On Living Close to Death

“Six days before Passover.”
Probably a couple of months–though only one chapter–after Lazarus was dead, and then not dead.
Only seven days–and seven chapters–before the crucifixion.
“Six days before Passover.” Wedged between resurrection and death.

“Jesus came to Bethany.”
Just north of Bethlehem and that legendary manger.
Just east of Jerusalem and that infamous cross.
“Jesus came to Bethany.” Wedged between his birth and his death.

It must have been a tense time and a holy time around that table in Bethany, six days before Passover.
Because the Holy Presence hovers in these liminal spaces, these in-betweens, these thresholds separating life and death.

The morning my dad went into Hospice–the day before he died–he told me:
“I am with God. As long as you are with God, we are together.”
“I am with God.”
But he didn’t mean it that way.
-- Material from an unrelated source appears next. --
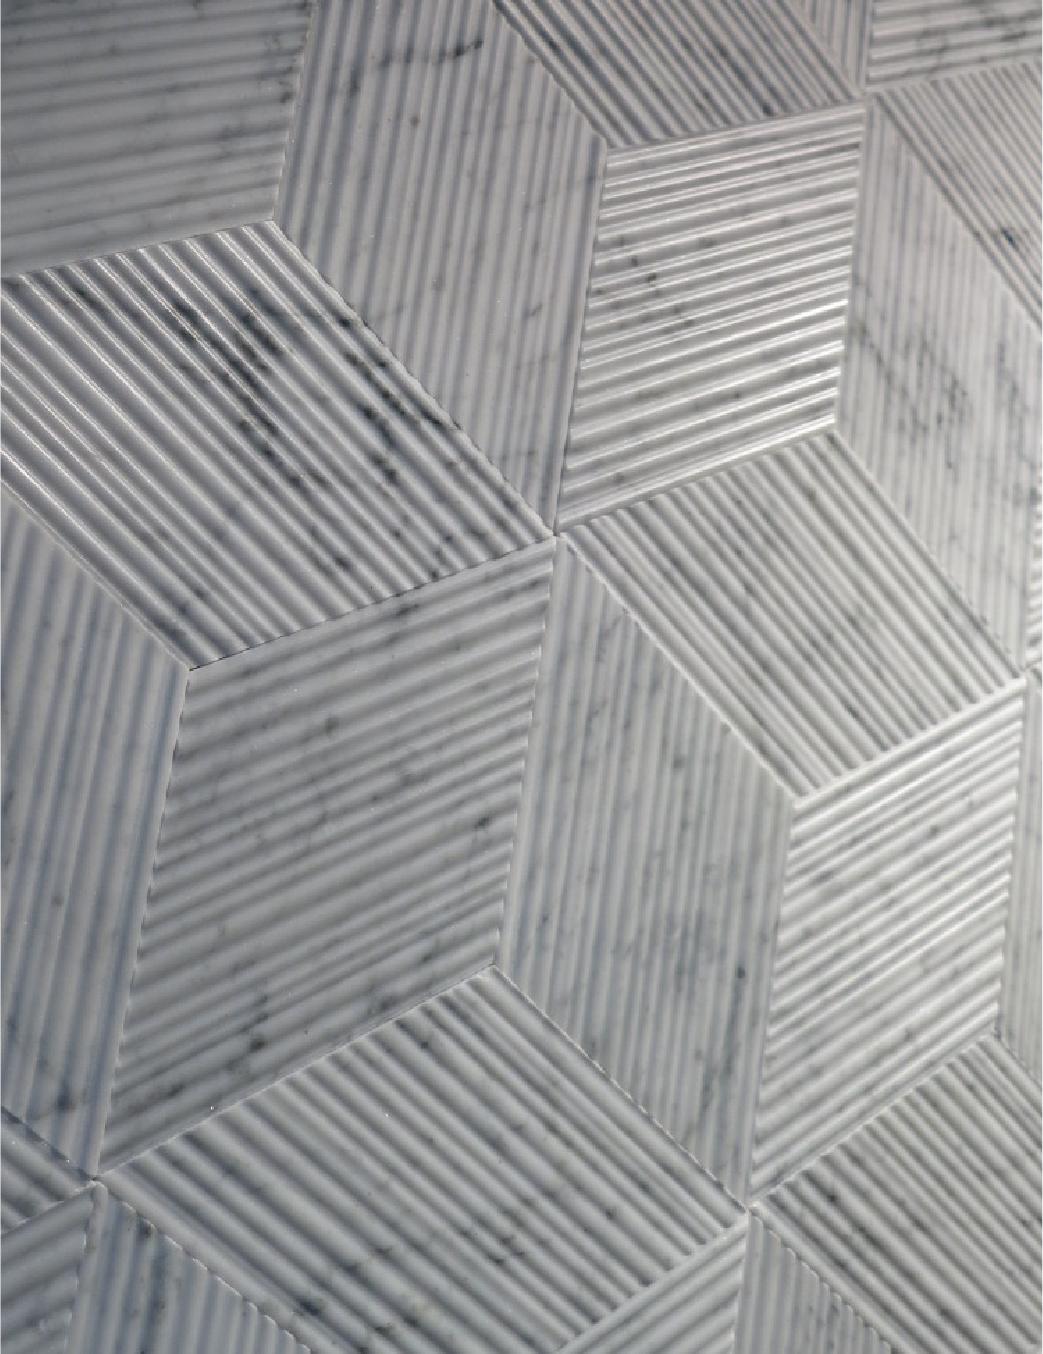 Dynamic tessellation of Carrara marble tiles
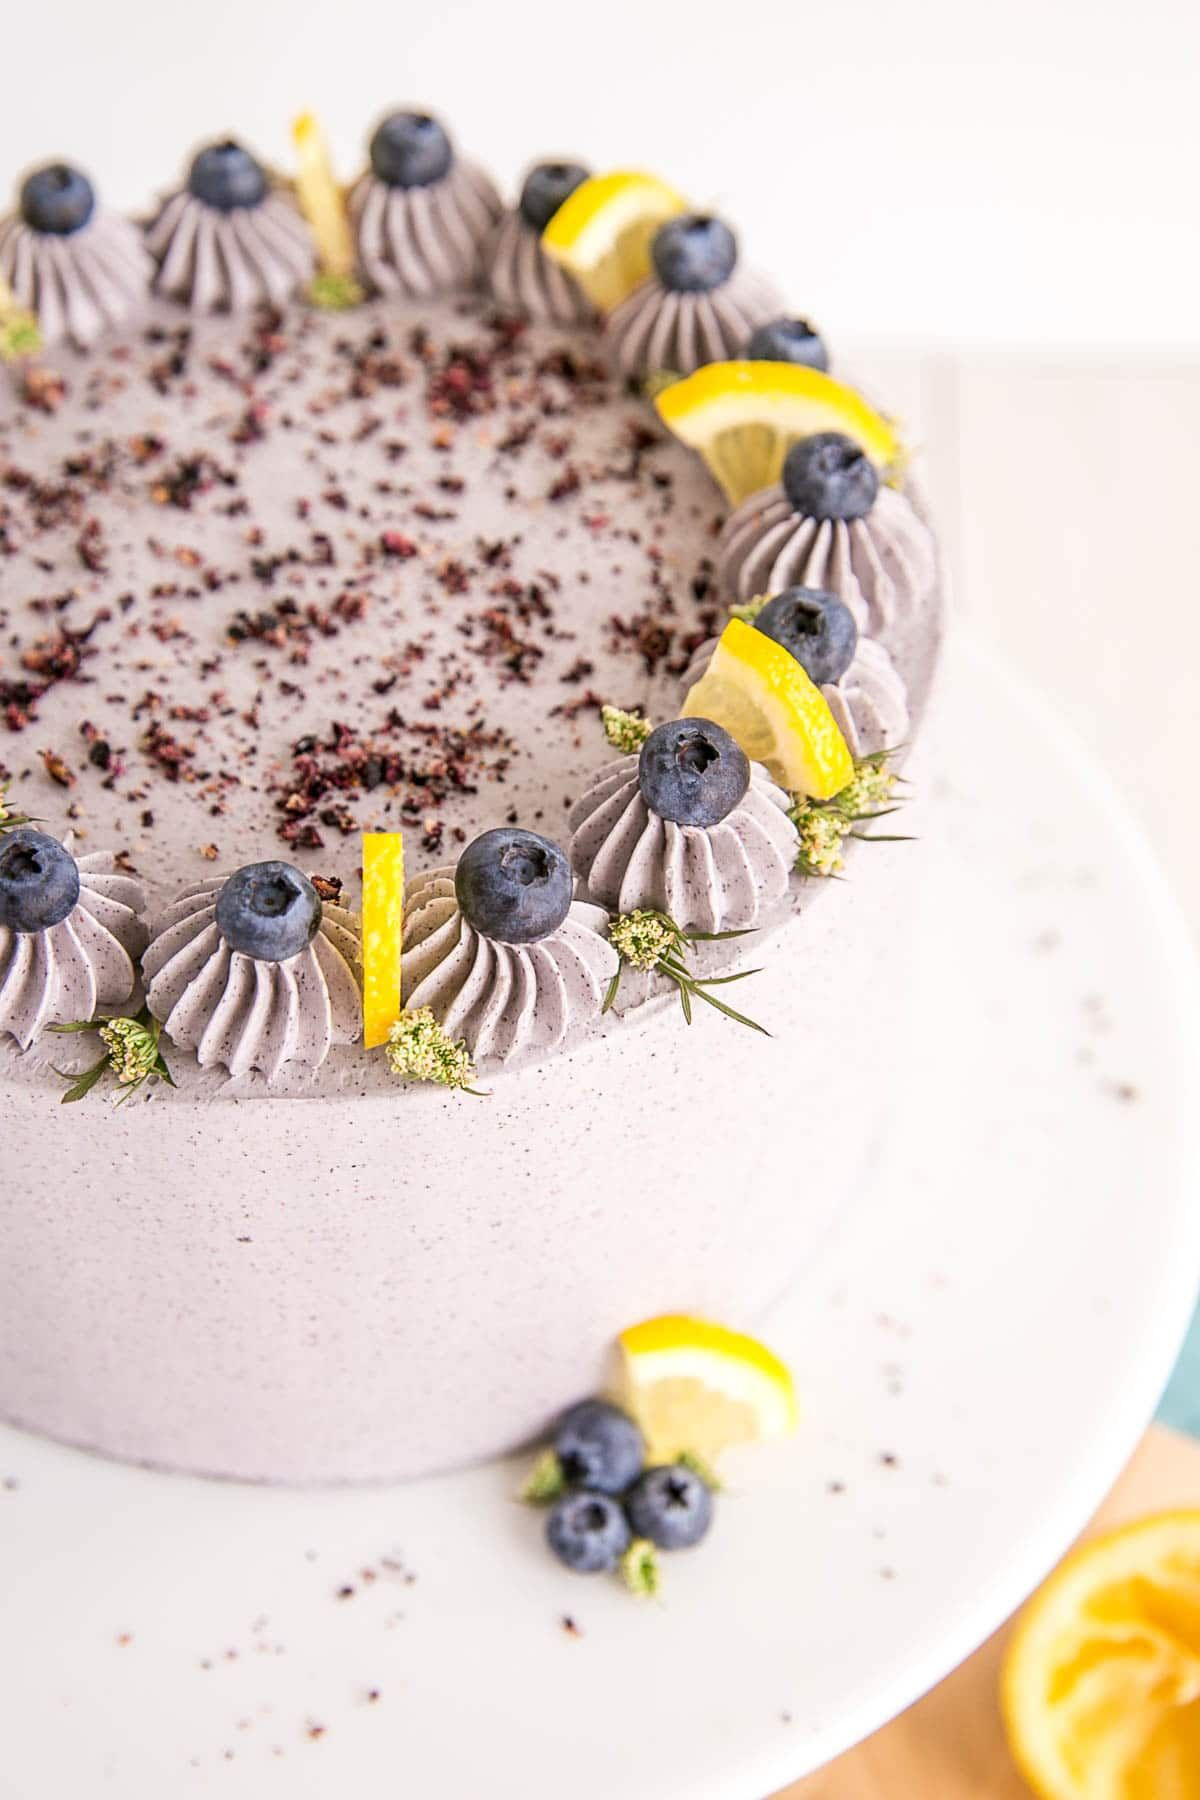 Lemon Blueberry Cake A Moist And Delicious Lemon Cake With Fresh Blueberries And A Blueberry Buttercr Blueberry Lemon Cake Blueberry Cake Delicious Lemon Cake

That easy way that we mean when we say, “God be with you.”
He meant that he was really, deeply, already–though not quite yet–fully with God.
I’ve had many holy experiences in my life, and I have never known God to be so thick and terrifying and real around me as in that moment.

I can only imagine that God was present around the table in the home of Mary and Martha and Lazarus that night. Present in this same intense and disorienting way.
Because like my dad’s bedside, that table was a place wedged between life and death.
A threshold where you want to linger. Unsatisfied with what has been. Afraid of what will be.
Yes, Lazarus is alive. But he has been dead. Wrapped, buried, stinking dead. And because he has been dead, Mary and Martha are acutely aware that he can and will be dead again. Ashes to ashes. Dust to dust. . . . Yes indeed.

And then Jesus shows up with his followers–only one and a half miles from Jerusalem,
where there is a warrant out for his arrest.
Where there are armed soldiers looking for him.
Where guards carry whips.
Where the vertical beams of crosses already rise from the ground of Golgotha–the “Place of the Skull”–waiting for the condemned who haul their own crossbeams.

Jesus certainly seems to know that his journey into Jerusalem will end (initially) with his death.
Mary and Martha and Lazarus must have a pretty good idea where this is headed–if they will let themselves know it.Their friend, their teacher, their Lord, Jesus, is, as they say, not long for this world. Ashes to ashes, dust to dust. Yes.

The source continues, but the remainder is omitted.